Physical activity and fitness

Five articles [3640] described the fitness and physical activity levels of Canadian Inuit. Of these, two articles reported on a longitudinal study [36, 37], the next two articles [38, 39] were published on a cross-sectional study conducted in two Inuit regions while the fifth article reported on a multi-jurisdictional study that included other Indigenous groups [40]. In the first longitudinal study of Rode and Sheppard [36] changes in fitness levels in a Nunavut community were examined, They found that from 1969 to 1982, and for all ages and genders (except boys 9–15 years), there was a 15 % decrease in predicted maximum oxygen intake, two to four kilogram increase in body weight, an accumulation of subcutaneous fat, a loss of lean muscles, and a decrease in leg extension strength (a measure of lower body strength and fitness).

Twenty years after the 1969/1970 study, Rode and Sheppard conducted a second follow-up assessment of the fitness levels in the face of rapid acculturation process in Nunavut [37]. Longitudinal comparisons with the 1969/70 study showed decreases in physical activities, aerobic power and muscle strength, and increases in subcutaneous fats. The BMI of younger men were lower in 1989/1990 compared to the 1969/70, but significantly higher in men 40 years and above. In women, there was a slight difference for those under 40 years while the BMI was higher for women 40 years and over [37]. Two more recent articles [38, 39] described the levels of physical activity and BMI in three Nunavut communities [38] and three Inuvialuit communities [39]. According to the findings, about 89 % of respondents self-reported medium to high levels of physical activity in both regions. Despite this, approximately 72 % and 65 % of Nunavut and Inuvialuit research subjects, respectively, were either overweight or obese, with more women in the obese category than men. There is therefore a co-existence of overweight or obesity and high levels of physical activity among the Inuit. These outcomes contradicted results from a more recent survey by Statistics Canada [40] which reported that only 31 % of Inuit were physically active at leisure time, contradicting the results obtained by Hopping et al. in which 89 % of respondents self-reported medium to high levels of physical activity [38, 39]. The inconsistencies in the findings call for new studies that utilize objective methodology for assessing physical activity levels in the population.

Determinant articles

Historical and cultural factors

Three articles [4143] reported on historical and cultural determinants of dietary behaviours and physical activity. In their cross-sectional study, Mead and colleagues [41] examined the factors influencing changing food environment and contemporary dietary practices of Inuit in two communities in Nunavut.

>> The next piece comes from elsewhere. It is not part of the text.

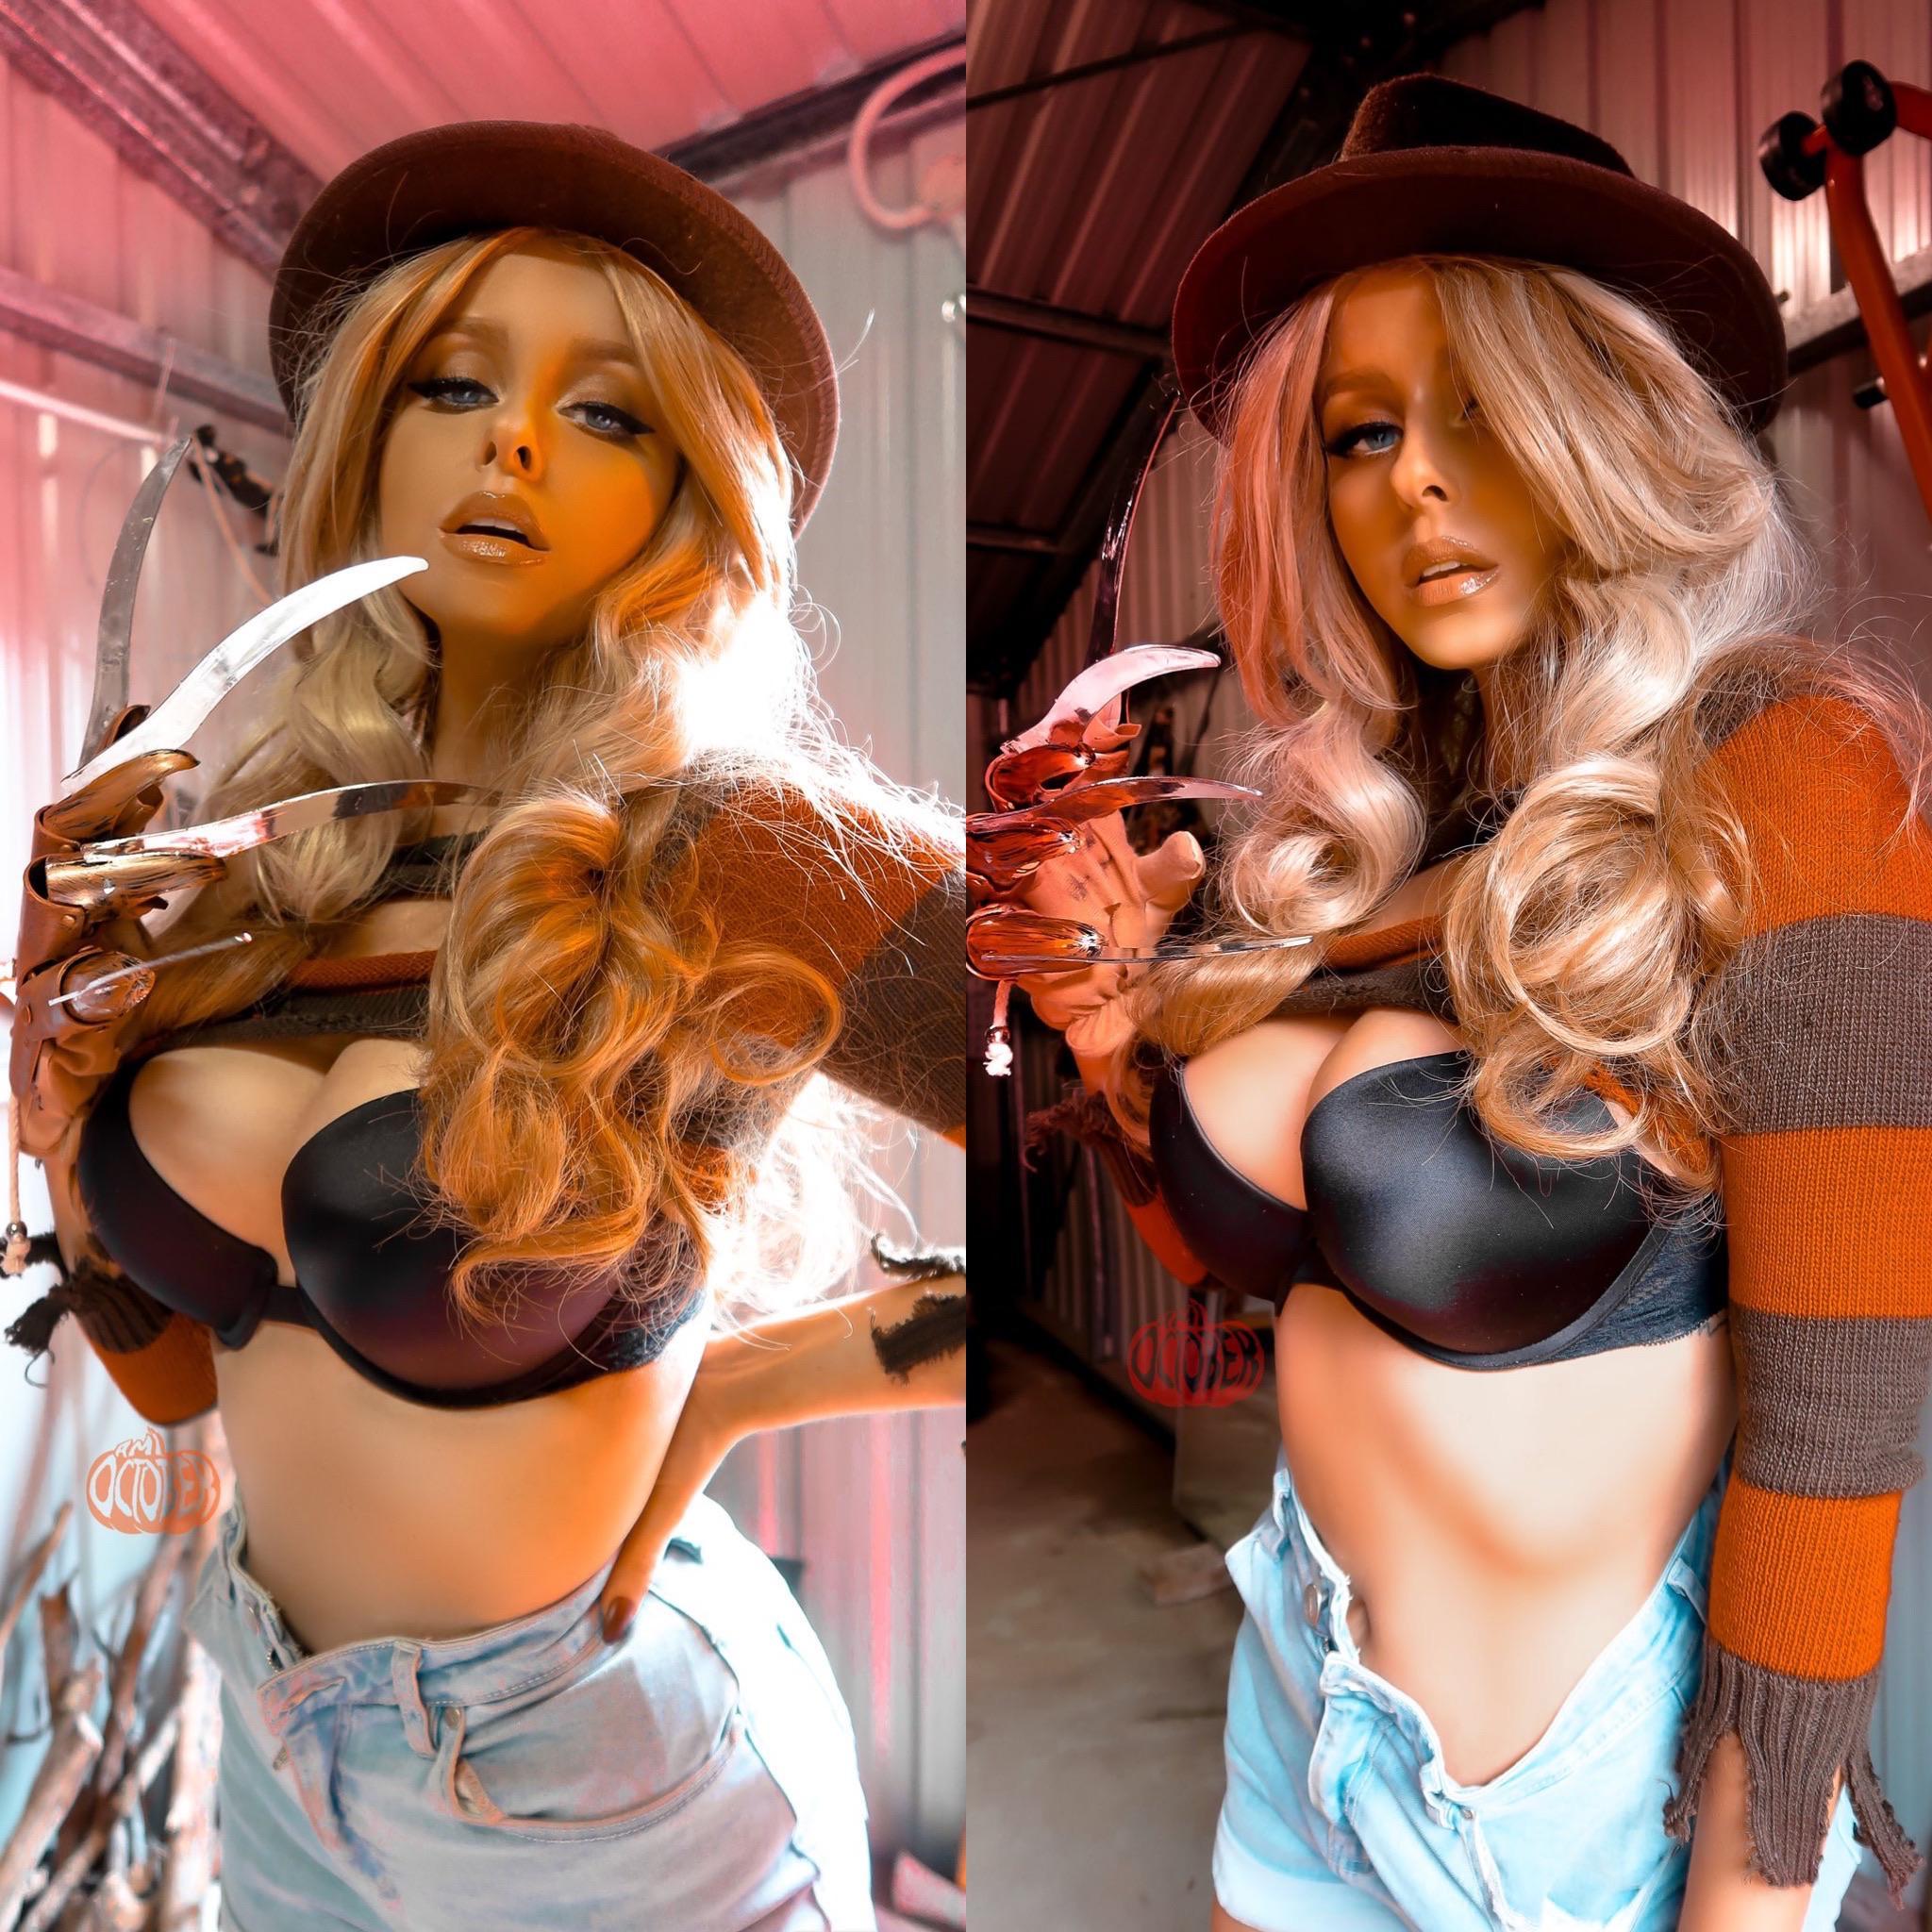 Freddy Kruger By Ami October

The findings showed that, although Inuit cultural values are still being upheld in some communities today, generally, many aspects of Inuit cultural traditions have been eroded, such as hunting and food sharing practices, by the domineering influence of Euro-Canadian lifestyles, particularly among the younger generation [41]. Over the past five decades, Inuit have been increasingly consuming store-bought foods at the expense of TFs. This reflects a changing food environment and erosion of cultural traditions [41]. Other researchers [42, 43] emphasized the inextricable linkage between TFs and culture among Inuit. Findings from a cross-sectional study by Lambden and colleagues [42] among Yukon First Nation, Dene/metis, and Inuit women in 44 Arctic communities buttressed the notion that TFs are healthy, and are socially and culturally beneficial but the quality has deteriorated over time. Martin [43] reported that traditional practices around food should be seen as “symbolic” of Inuit cultural identity. Underscoring the importance of food as a cultural construction among the Inuit, Meigs [44] explained that certain cultural and social meanings are attributable to food sharing practices by Inuit, and traditional foods consist mainly of land and marine animals. The TFs are a marker of traditional and social practices which are embedded in Inuit cultural identity [44]. Thus, over several decades colonization and globalization have profoundly contributed to the erosion of Inuit cultural traditions including the traditional food gathering, consumption, and sharing practices.

Climatic factors

Two articles [18, 45] described the impact of the physical environment such as climate change on diet selection. Wesche and Chan [18] conducted a regional case study analysis with Inuvialuit elders to determine the impact of climate change on nutritional health. The study showed that virtually all aspects of species abundance, migration patterns and wellbeing are affected by climate change. Hunter-gatherer movement patterns had equally changed in response to food species migratory patterns which were reportedly influenced by climate change [18]. In another cross-sectional study [45], bivalent effects of environmental changes were observed, ranging from migratory patterns of land and marine animals, to quality and availability of food animal species. Although no consistent trends were observed in the study, many aspects of the findings were corroborated by Wesche and Chan [18]. Despite the ambivalence about the impacts of climate change in the Arctic, it is increasingly becoming evident that both availability and quality of some food species are being affected.

Socioeconomic factors

A total of nine articles [4654] described the influence of education and income on consumption patterns of Canadian Inuit. In Nunavut [46] and Inuvialuit [47], Hopping and colleagues found a positive correlation between education attainment and higher income with increased frequency of fruit and vegetable consumption. Three articles [48, 49, 51] reported on the livelihood challenges facing Canadian Inuit in the face of rapid socioeconomic and climate changes in the Arctic. In the first two articles [48, 49] research participants in Igloolik community in Nunavut identified socioeconomic factors that include availability and affordability, high cost of harvesting TFs, poor budgeting skills, low education and poor knowledge of nutrition, as challenges to accessing healthy foods. These results were corroborated by earlier findings by Lambden et al. [50], which noted further that the extent of the problem varied across communities [50].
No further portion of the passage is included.